Olsson C, Aldman G, Larsson A, Holmgren S
Department of Zoophysiology, University of Göteborg, Box 463, S-405 30 Göteborg, Sweden and Department of Radiation Physics, Sahlgrenska Hospital, Göteborg, Sweden.
J Exp Biol. 1999 Jan;202(Pt 2):161-70. doi: 10.1242/jeb.202.2.161.
In this study, we describe new methods for recording gastric emptying and in vivo measurements of intragastric pressure in fish. Using these methods, we investigated the effects of the sulphated octapeptide of cholecystokinin (CCK8) on gastric emptying and on stomach motility in vivo and in vitro. Gastric emptying of 99Tcm-labelled food was measured in swimming fish by using a gamma camera, counting consecutive 2.5 min periods for 18-42 h. After 20 h, 55.3+/-4.0 % of the labelled food remained in the stomach of the control fish (mean s.e.m., N=9).

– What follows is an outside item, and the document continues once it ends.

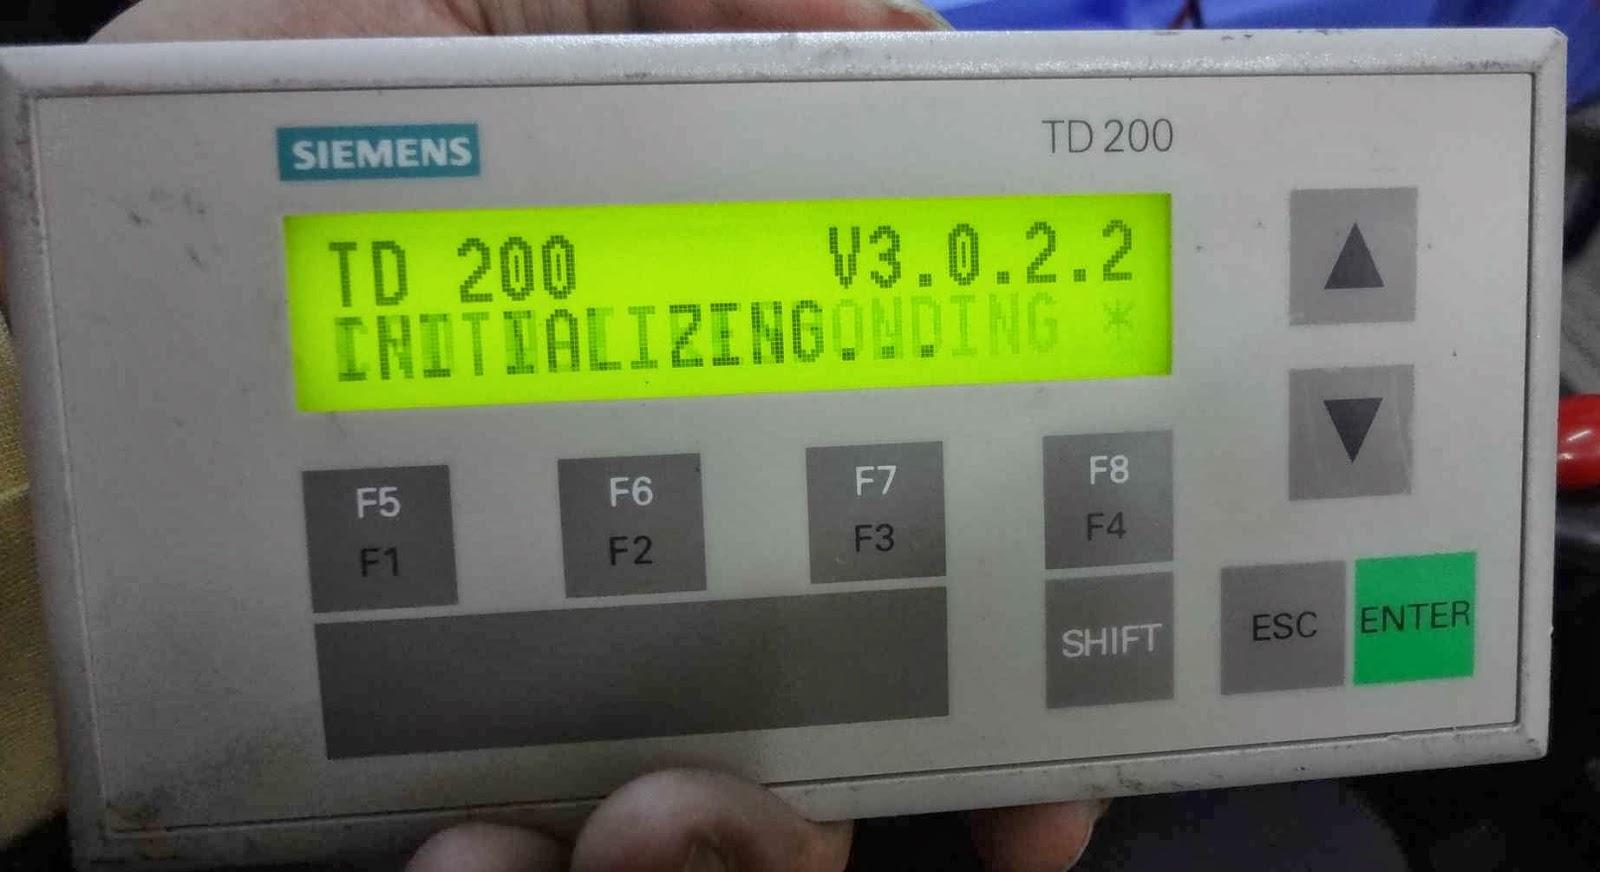 Ebay id flukel store blog siemens td200 simatic s7 td200 siemens td200 simatic s7 td200 6es7272 0aa30 0ya1 user control panel sciox Choice Image

Vascular infusion of CCK8 (25 pmol kg-1 h-1) delayed gastric emptying so that 70.4+/-4.8 % of the labelled food remained in the stomach after 20 h (N=8). Gastric pressure changes in vivo were measured using a balloon surgically fitted into the cardiac or pyloric part of the stomach. In the cardiac part, intra-arterial infusion of CCK8 at 0.1 nmol kg-1 h-1 resulted in a decrease in the frequency and amplitude of rhythmic contractions, while higher doses started/increased contractions. Atropine blocked much of the basal contractile activity, but did not influence the CCK8-induced inhibition of contractile activity. The pyloric part of the stomach was unaffected by intra-arterial infusion of CCK8 or atropine. In vitro perfusion of the stomach (with a balloon placed in the cardiac part to record motility) with CCK8 at high concentrations (10(-7 )mol l-1 and above) augmented the spontaneous contractions, while lower concentrations had inconsistent effects. In addition, CCK8 (10(-7) to 10(-6 )mol l-1) decreased the amplitude of spontaneous contractions in longitudinal strip preparations, usually in combination with an increase in the resting tension. The decrease in amplitude was not affected by the nitric oxide synthase inhibitor NG-nitro-l-arginine methyl ester hydrochloride (L-NAME; 10(-4 )mol l-1). Depending on the concentration and experimental arrangement, CCK8 had either inhibitory or excitatory effects on the cardiac stomach, suggesting the possible presence of different types of CCK receptor. We conclude that the predominant effect of CCK8 in vivo may be a slowing down of gastric emptying, presumably coinciding with a release of bile into the duodenum.
在本研究中,我们描述了记录鱼类胃排空及胃内压活体测量的新方法。利用这些方法,我们研究了胆囊收缩素的硫酸化八肽(CCK8)对体内和体外胃排空及胃动力的影响。通过使用γ相机,对游动的鱼体内99锝标记食物的胃排空进行测量,连续计数2.5分钟时间段,持续18 - 42小时。20小时后,对照鱼胃内仍有55.3±4.0%的标记食物(平均值±标准误,N = 9)。血管内输注CCK8(25 pmol kg-1 h-1)延迟了胃排空,使得20小时后胃内仍有70.4±4.8%的标记食物(N = 8)。使用手术植入胃贲门或幽门部的气球测量体内胃压力变化。在贲门部,以0.1 nmol kg-1 h-1的剂量动脉内输注CCK8导致节律性收缩的频率和幅度降低,而更高剂量则引发/增强收缩。阿托品阻断了大部分基础收缩活动,但不影响CCK8诱导的收缩活动抑制。胃幽门部不受动脉内输注CCK8或阿托品的影响。用高浓度(10(-7) mol l-1及以上)的CCK8对胃进行体外灌注(在贲门部放置气球记录动力)增强了自发收缩,而较低浓度的效果则不一致。此外,CCK8(10(-7)至10(-6) mol l-1)降低了纵向肌条标本中自发收缩的幅度,通常伴随着静息张力的增加。幅度的降低不受一氧化氮合酶抑制剂盐酸NG-硝基-L-精氨酸甲酯(L-NAME;10(-4) mol l-1)的影响。根据浓度和实验设置,CCK8对贲门胃既有抑制作用也有兴奋作用,提示可能存在不同类型的CCK受体。我们得出结论,CCK8在体内的主要作用可能是减缓胃排空,推测这与胆汁排入十二指肠同时发生。